Data section.
****

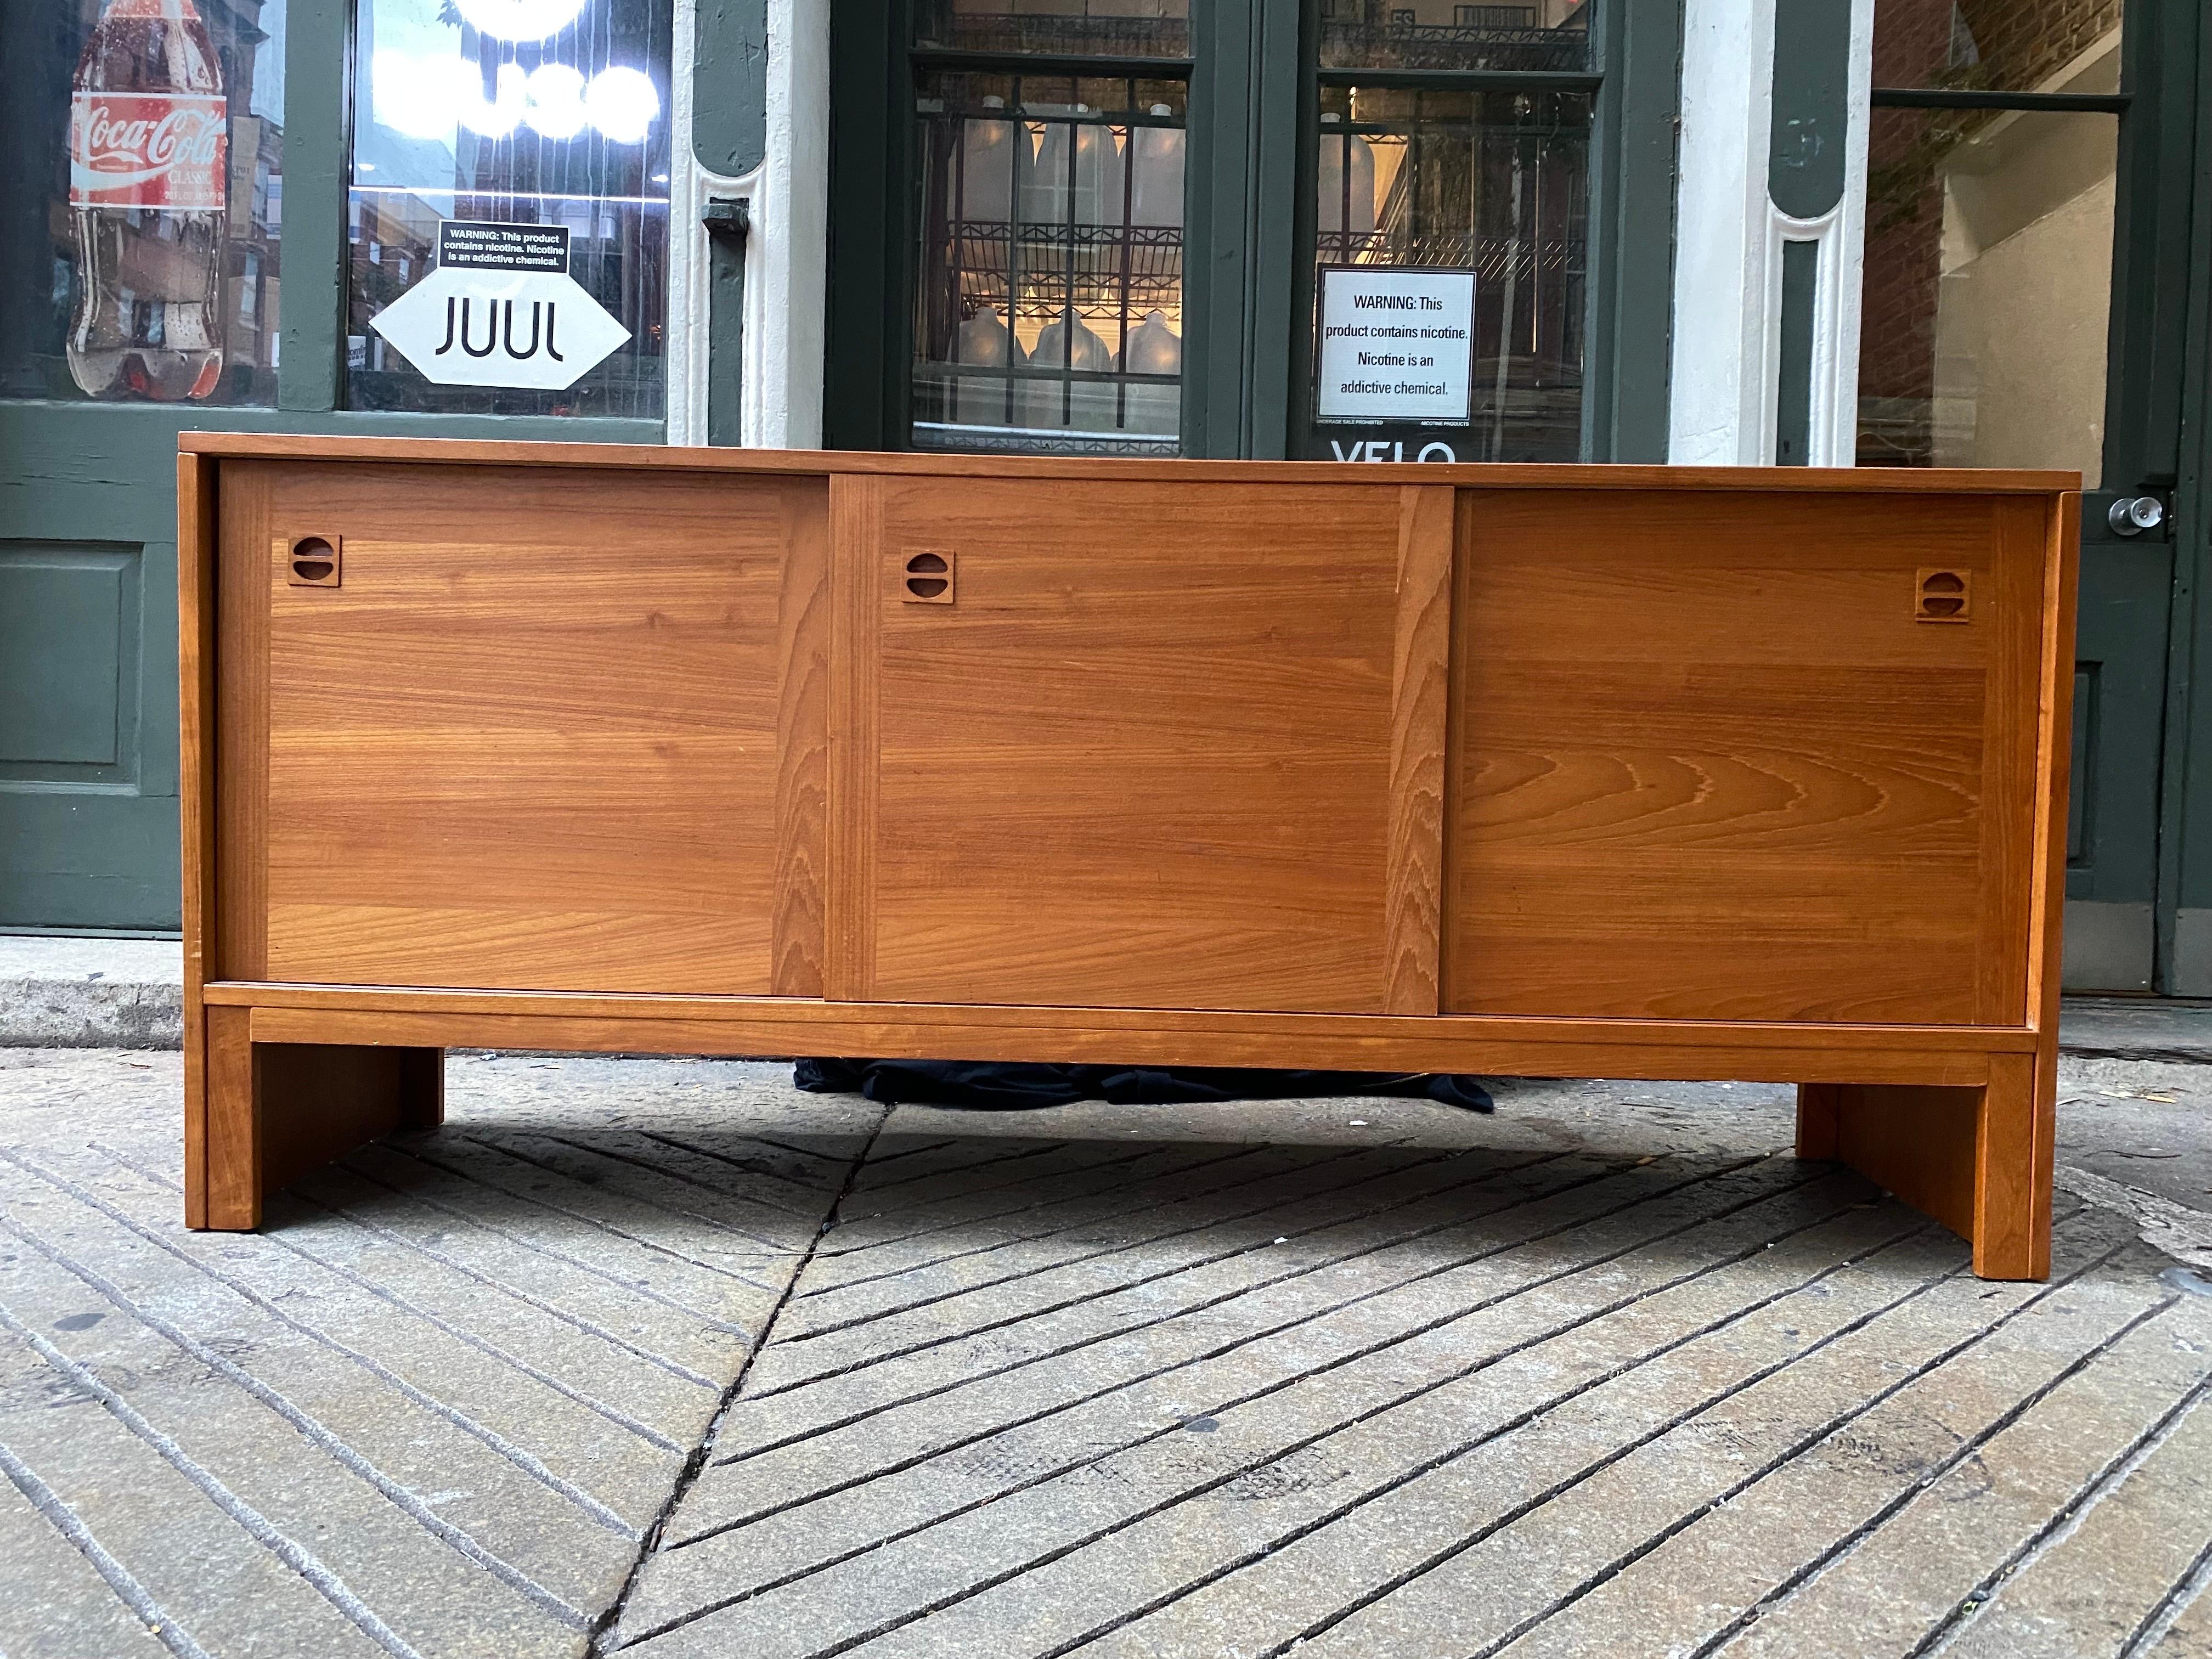 Teak 3 door sliding door Credenza. Doors slide to reveal an adjustable shelf. Each end has one shallow pull out drawer. In nice original condition! Ready to go as is!
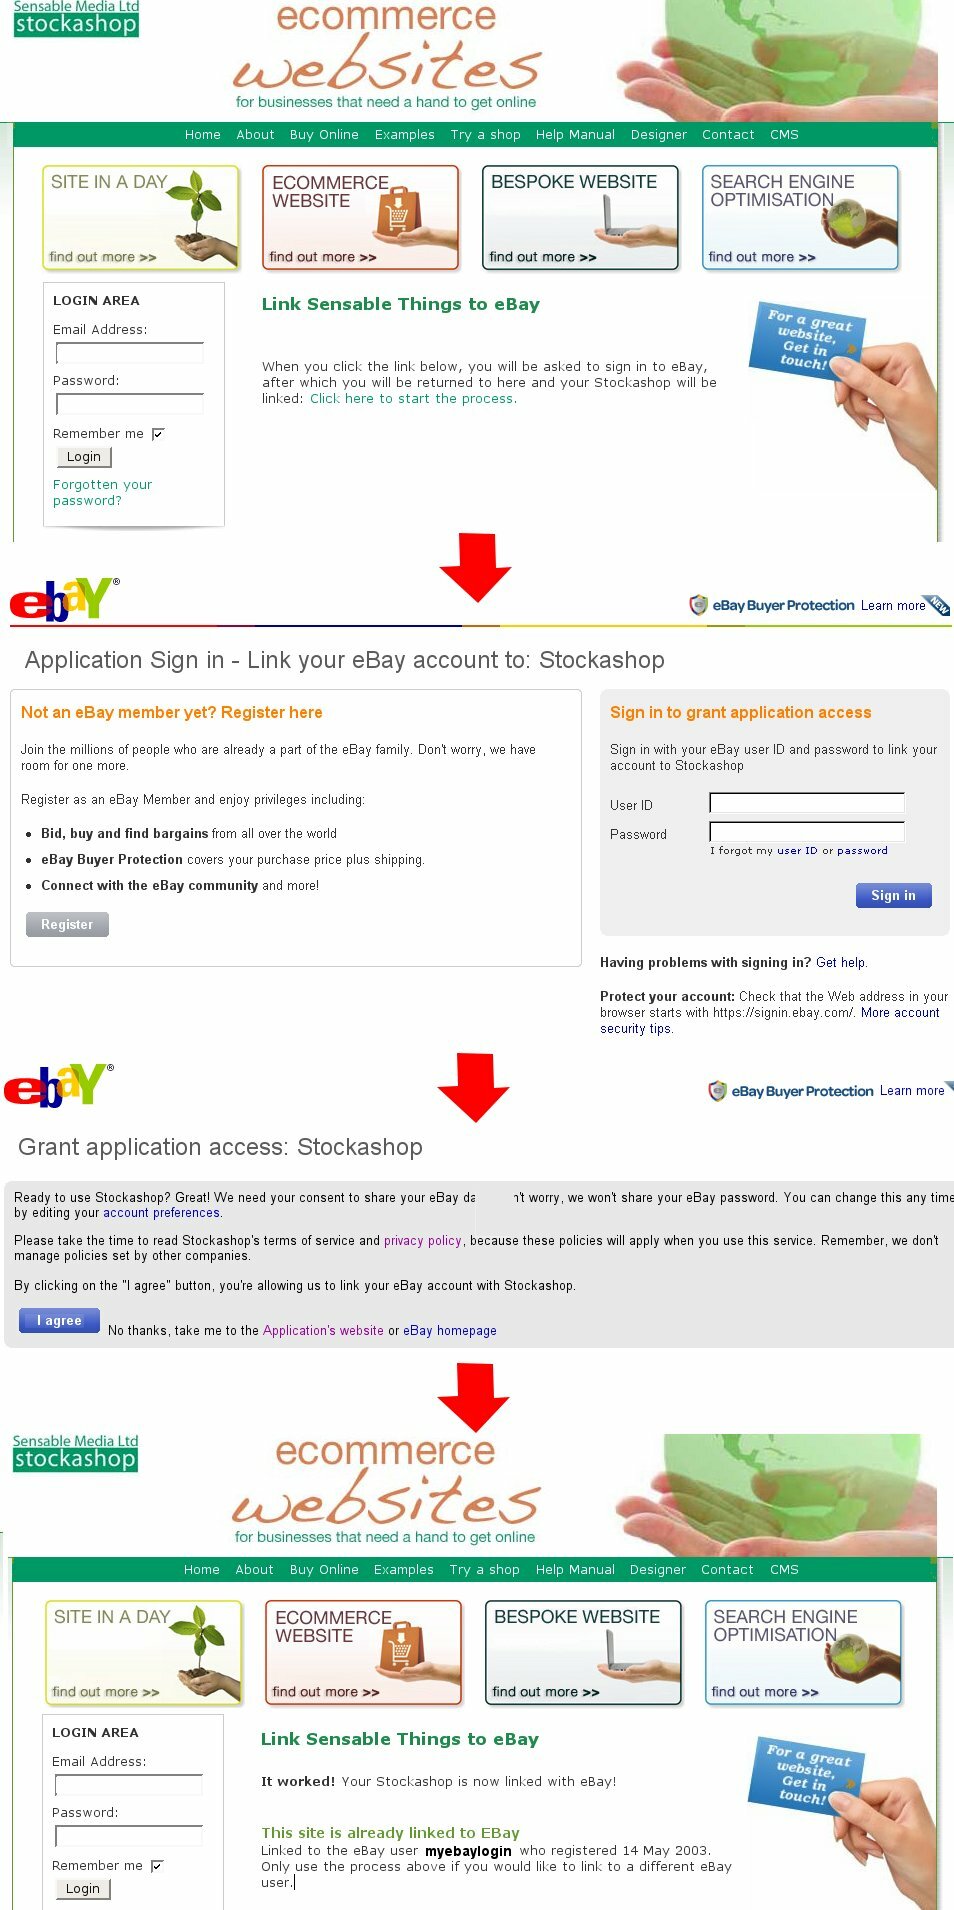 Linking your shop to eBay
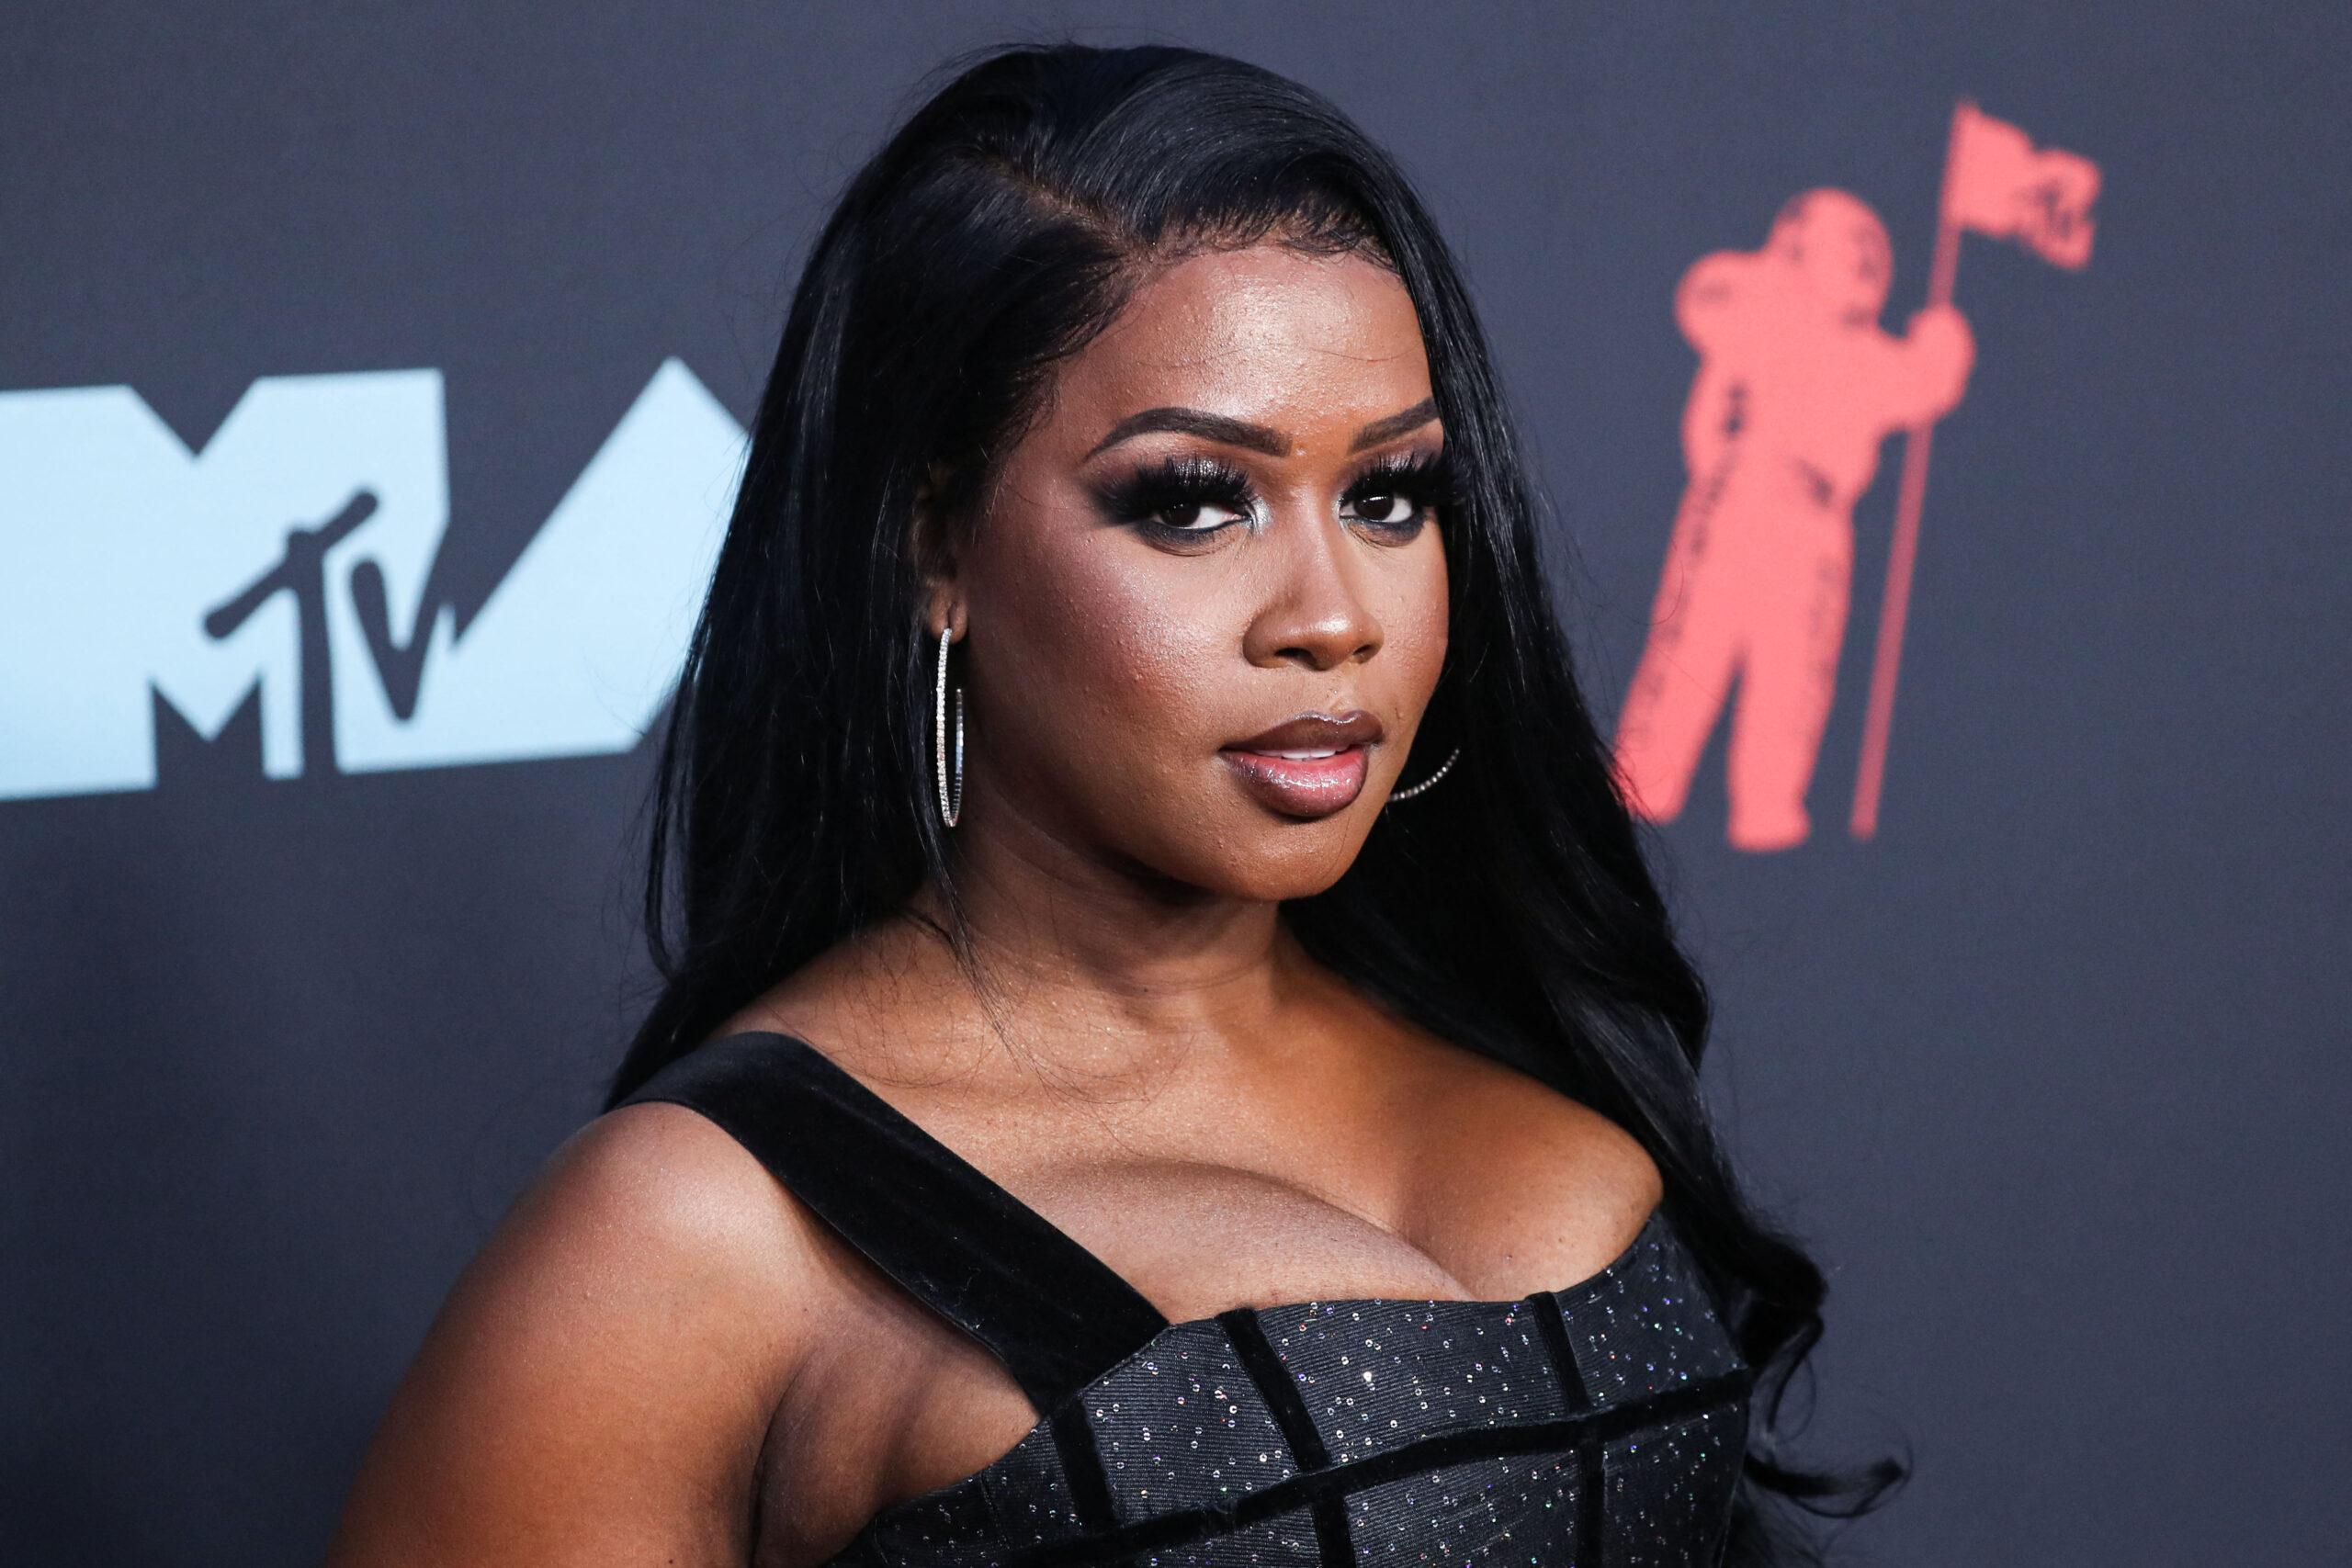 Remy Ma attends the 2019 MTV Video Music Awards

****

Exercise. Each line of the data should be printed again exactly. Please leave pictures out.

Result.
 Teak 3 door sliding door Credenza. Doors slide to reveal an adjustable shelf. Each end has one shallow pull out drawer. In nice original condition! Ready to go as is!
 Linking your shop to eBay
 Remy Ma attends the 2019 MTV Video Music Awards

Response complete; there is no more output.